Friday, February 20, 2009

Gillard: The immigration juggernaut will not be stopped, despite rising unemployment

An update on this story.

From The West:

Govt rejects call to cut immigration

20th February 2009, 10:14 WST

The federal government has rejected research which shows its $42 billion economic stimulus package will not save jobs unless Australia's immigration intake is slashed.

In a paper to be released on Friday, demographic experts warn that new permanent and temporary migrant workers will soak up the 90,000 jobs the package is supposed to support.

That is because the immigration intake will exceed the number of jobs the commonwealth was trying to protect, The Australian Financial Review reports.

The experts advocate cutting the skilled intake to between 40,000 and 50,000 visas - down from a projected 133,500 - and forcing employers who want to import staff to prove that local skills are not available.

"It seems to me that this research could not be right," federal Employment Minister Julia Gillard told ABC Television.

"We are expediting the immigration of people who have the skills that we need."

Meanwhile, a key employer group says the research recommendations amount to a form of protectionism.

"The skilled program... can't be turned off and on," Australian Industry Group (Ai Group) chief executive Heather Ridout told ABC Television.

The government needed to be very careful about "chopping" immigration numbers, she said, adding that employers were committed to current intake.

"If we do not keep the immigration scheme robust our economic growth potential will be much reduced."

Original article

"It seems to me that this research could not be right."

Notice how Gillard dismisses the research out of hand, without even bothering to provide any evidence that the research is "not right", simply because she doesn't like the conclusion. Gillard's comments show that the Federal Government is committed to immigration irrespective of its effects on the existing Australian population. It is not prepared to even consider the possibility that importing record numbers of foreigners during a period of economic contraction and rising unemployment is a bad idea. In Gillard's words, immigration will continue, even if it means large numbers of Australians being forced to compete directly against foreign citizens for a declining number of jobs.

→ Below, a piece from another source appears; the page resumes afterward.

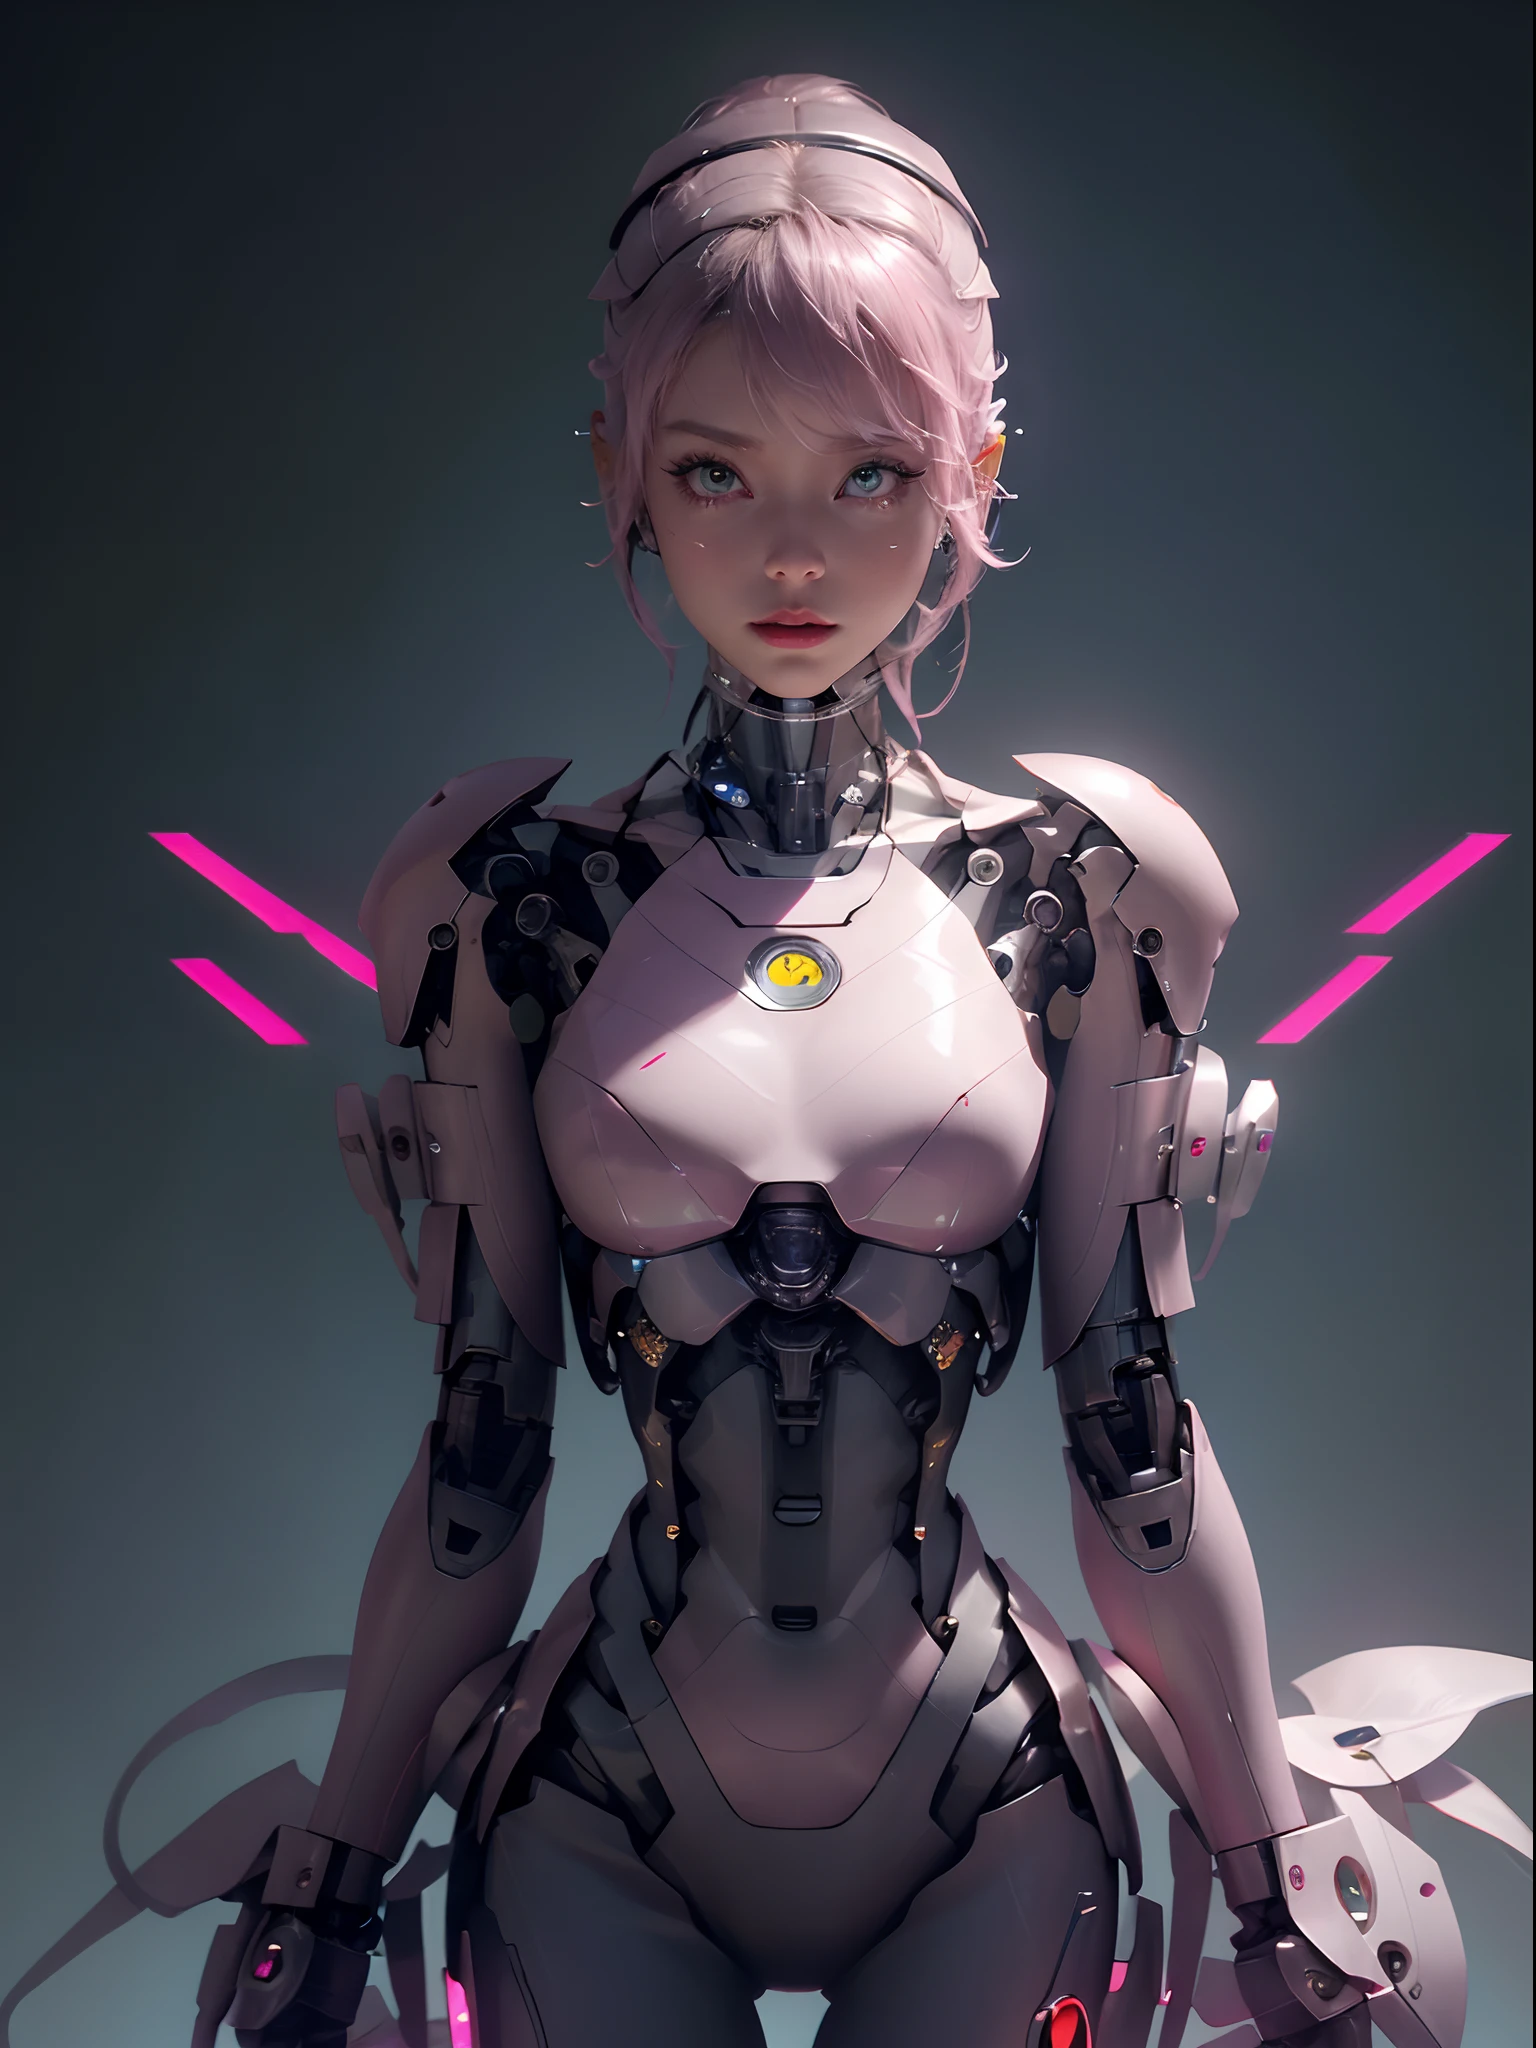 Nahaufnahme einer Frau in einem rosa Kostüm mit einem Schwert, süßes Cyborg-Mädchen, perfektes Android-Mädchen, schönes Roboter-Charakterdesign, schöner weiblicher Androide!, Ross Tran 8 K, stromlinienförmige rosa Rüstung, schönes Cyborg-Mädchen, Mädchen in Mecha-Cyber-Rüstung, Schönes weißes Cyborg-Mädchen, Anime-Roboter gemischt mit Bio, Autor：Ross Tran, Cyborg-Mädchen Warten Sie, bis es hochfährt

"We are expediting the immigration of people who have the skills that we need."

Oh, like more hairdressers and unemployable non-English speaking accountants?

"The skilled program... can't be turned off and on."

Yes, it can. The Government could slash immigration numbers tomorrow if it wished to.

"The government needed to be very careful about "chopping" immigration numbers, she said, adding that employers were committed to current intake."

I'm sorry, Heather Ridout, but I wasn't aware that Australia's immigration programme existed for the sole benefit of employers who only care about ensuring the uninterrupted influx of cheap labour.

"If we do not keep the immigration scheme robust our economic growth potential will be much reduced."

Wrong. Advances in productivity and technology, not increased labour inputs, are critical to economic growth.

3 comments:

Anonymous said...

If Australia maintains its current regime of high immigration numbers during a recessionary period touted as the worst in the post-war era, it will simply prove beyond doubt that Australia's immigration program has become divorced from serving the real needs of Australia and Australians. It is immigration for immigration's sake; to property speculators happy by ensuring steady and ever increasing demand for housing; to keep wages down and party contributions from the business community up; to pander to ethnic voting blocs and satisfy their neo-colonial aspirations by assuring them that the influx of their countrymen will continue unabated, further cementing their permanence, prevalence, and eventual dominance in Australian society.

In the end, of course, it is Australians who will end losing the most - their jobs, their prosperity, their chance at affordable home ownership, their quality of life, their natural environment, their culture and national identity, and even, eventually, their country itself.

Anonymous said...

Julia Gillard is NOT Australian she is a dirty POM born in Wales. GO home Gillard we don't need you here.

Anonymous said...

Gillard is a transnationalist. She was a member of the Socialist Forum right up to 2002, serving a significant amount of her time as a Director of that organisation. She does not believe in Australia or its unique national character. The essence of her religo-political views is that of the Fabians. I'm surprised you people are surprised.